Yogesh Mishra from Lucknow
Now the darkness is troubling them. They have understood that the government would not listen to them without coming to the roads. This is the reason that the people demanding a small share of electricity being generated on their land have came to the roads with their bows and arrows. A total of 3012 MW electricity is being generated on their land since independence, but the irony is that it is not available to them. They are being cursed to live in darkness for the last 62 years. There are 501 revenue villages in the Sonbhadra district which is generating electricity for the whole country. If it is counted in terms of hamlets, it comes to 1444. If the electricity is provided to the whole population for 24 hours, only 90 lakh units of it is required. But even this much is not available to them. Figures of the electricity department tell that whole of the Sonbhadra district gets only 30 lakh units of electricity, which is only one third of the requirement. Even then the state government claims to be providing the electricity for 14 hours to the district headquarters, and for 10 hours to the villages and getting its own appreciation. But the truth if examined in depth about the electricity being available in the district is like telling a lie hundred times to prove it to be true. The reality is that it is made available to the villages for not more than six to eight hours and not more than ten hours at the district headquarters.
Government claims are also exposed by the electrification in the district. All the villages of Sonbhadra district have been completely electrified as per the government records, but reality is something else. It has reached up to the revenue villages of Sonbhadra, but the hamlets are still waiting for the electric wires to be installed; it must be noted that these hamlets are about three times the revenue villages in the district.
Not only this, although electric poles and wires might have been installed in Ambedkar villages as a part of electrification drive, they are yet to get electric current. District administration is praising itself for working a lot under Rajiv Gandhi Rural Electrification Project, but the truth is that Naxalism affected 273 hamlets have still not seen the light in their huts. These include big villages such as Myorpura and Jogindra. Not only this, electricity is far off from villages situated close to National Thermal Power Corporation (NTPC) plants. The people of the villages of Myorepur and Beejpur blocks within the range of 20-25 kilometres of Rihand Power Plant are without electricity till now. Not only this much, NTPC has started a campaign to provide light to the Jaraha and Chetwa villages through solar energy to compensate them for not providing with the electricity. The people here might have got the electricity through the campaign running through cooperative, but they are feeling as to why they do not have right over the electricity being generated on their land. And that too when it is mandatory while installing a power plant that the power produced from it will definitely be supplied to the neighbouring villages.

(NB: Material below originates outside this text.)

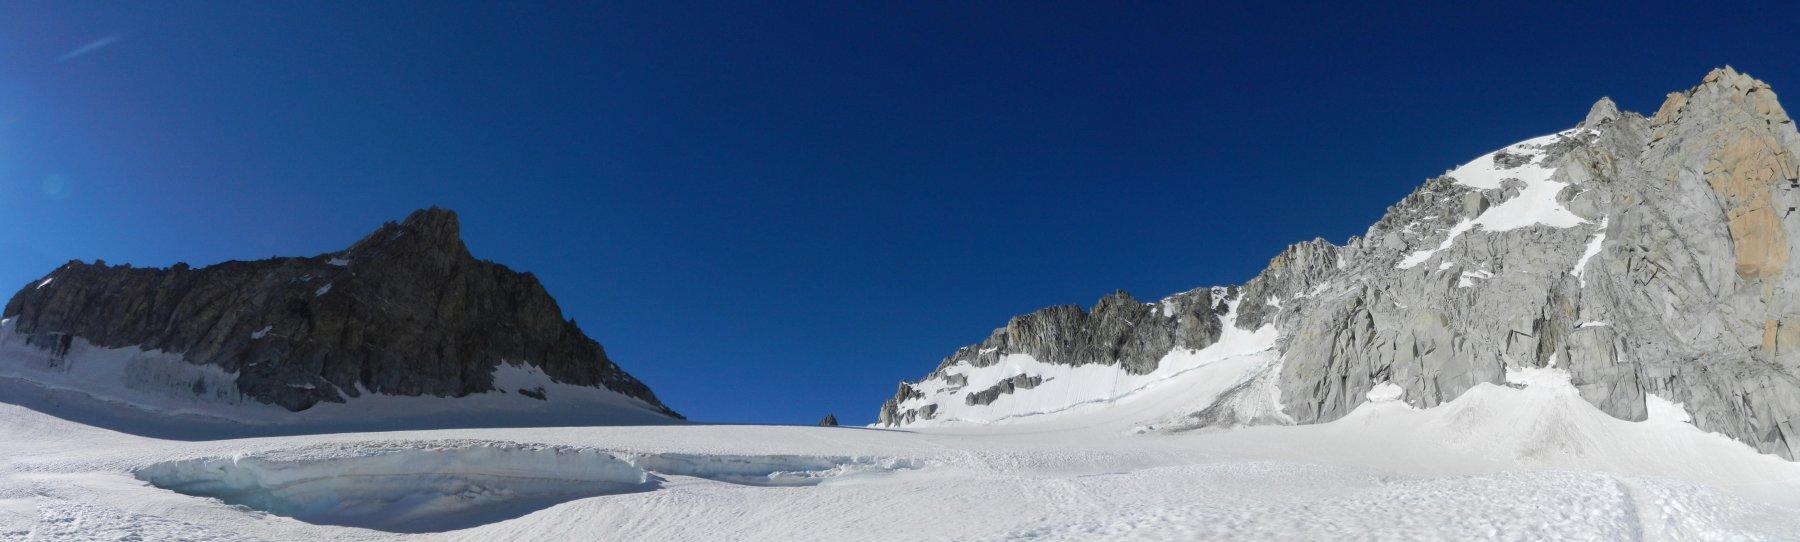 Salendo al Col d'Entreves: Aiguille d'Entreves a sx, Tour Ronde a dx
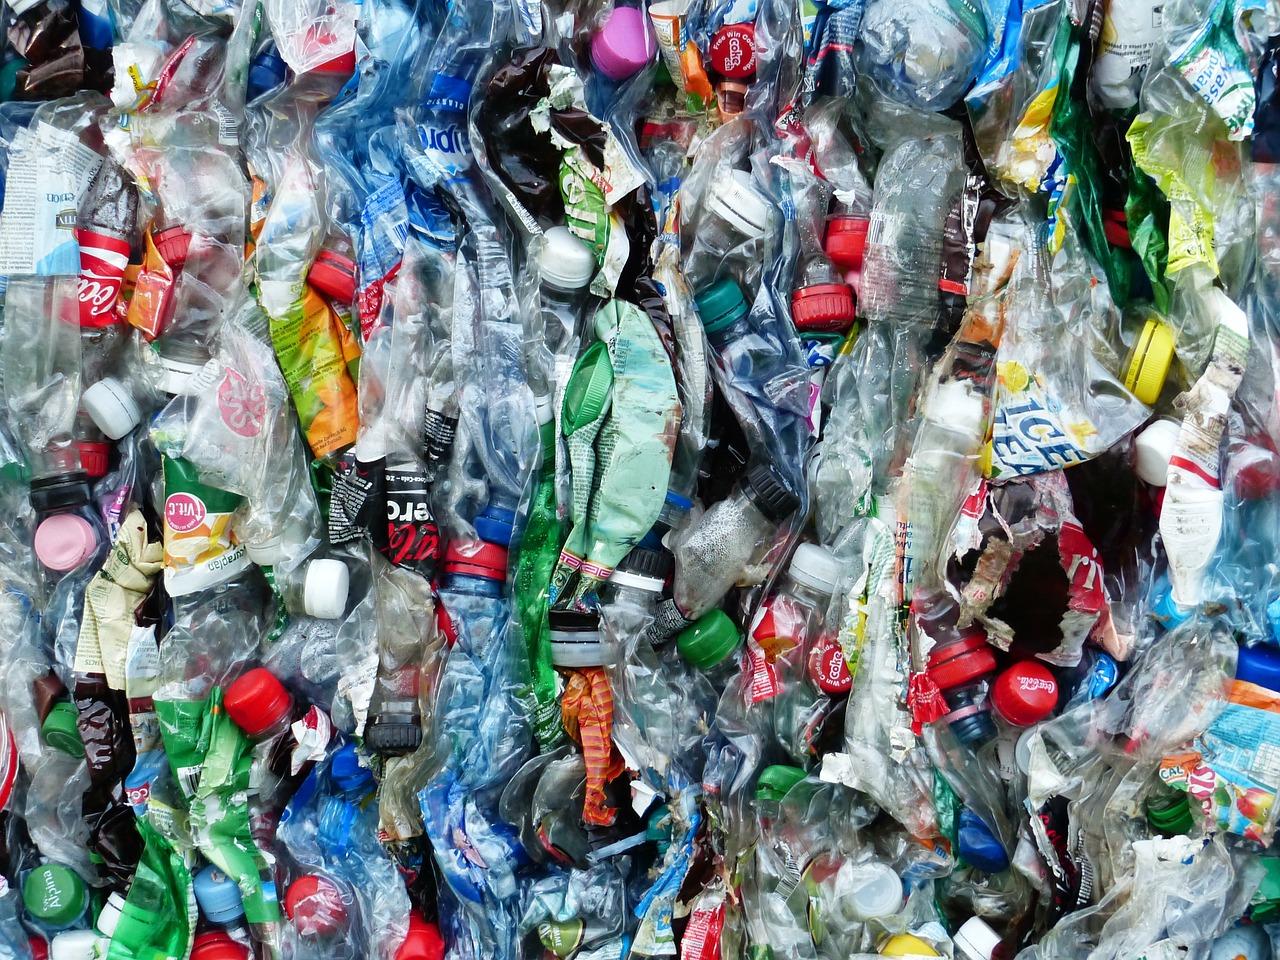 plastic-bottles-115071_1280.jpg

It must be noted that Sonbhadra has power plants both of State as well as Central Government. The area has 2,000 MW Rihand and Singrauli Projects under NTPC and 3260 MW Vindhyachal Project in the nearby area of Madhya Pradesh. The State Government's Anpara Power Plant has three units each of 230 MW along with two units each of 500 MW. Thus against the production capacity of 1,630 MW only 1,300 MW is being produced. The Obra Power Plant of the State Government has two units each of 50 MW, three units each of 94 MW and five units each of 200 MW, but only 500-600 MW of electricity is being produced against the production capacity of 1,382 MW. In addition to it, six units each of 50 MW in Pipri and three units each of 33 MW in Obra have been installed by Hydroelectric Corporation. It is a different issue that these plants are not being operated; these are operated whenever the grid fails. The power generated through Rihand and Singrauli plants goes to northern grid which electrifies Delhi, Haryana, Rajasthan, Punjab, Chandigarh, Jammu and Kashmir and Uttar Pradesh, whereas the power generated through the Vindhyachal Power Project goes to the western grid which lighten up the areas of Madhya Pradesh, Maharashtra, Gujarat, Chhattisgarh, Goa and Daman and Diu. The people of Sonbhadra, which is producing electricity for other states of the country, have now came down to the road against the State and Central Governments. This struggle for electricity is not only limited to the villages and cities, but most of the professional people have also started participating in it. Few days back advocates of the region expressed their anger through a demonstration; same was the agenda of the people demanding for a separate Sonanchal state. Roshan Lal Yadav, All Sonanchal Students Union leader, is seeing this struggle, in terms of any other struggle, daily. The farmers have also started taking out the electric poles without wires, off their land. The anger of the farmers has more importance for the electricity for agricultural purpose rather than to lighten up their lives. The way the people are increasingly taking part in the struggle is clearly indicating that the problem if not solved within time, the Naxalites will not lose the use of this struggle. Not only this, the anger bursting on the roads can burst anytime over the government and the officials.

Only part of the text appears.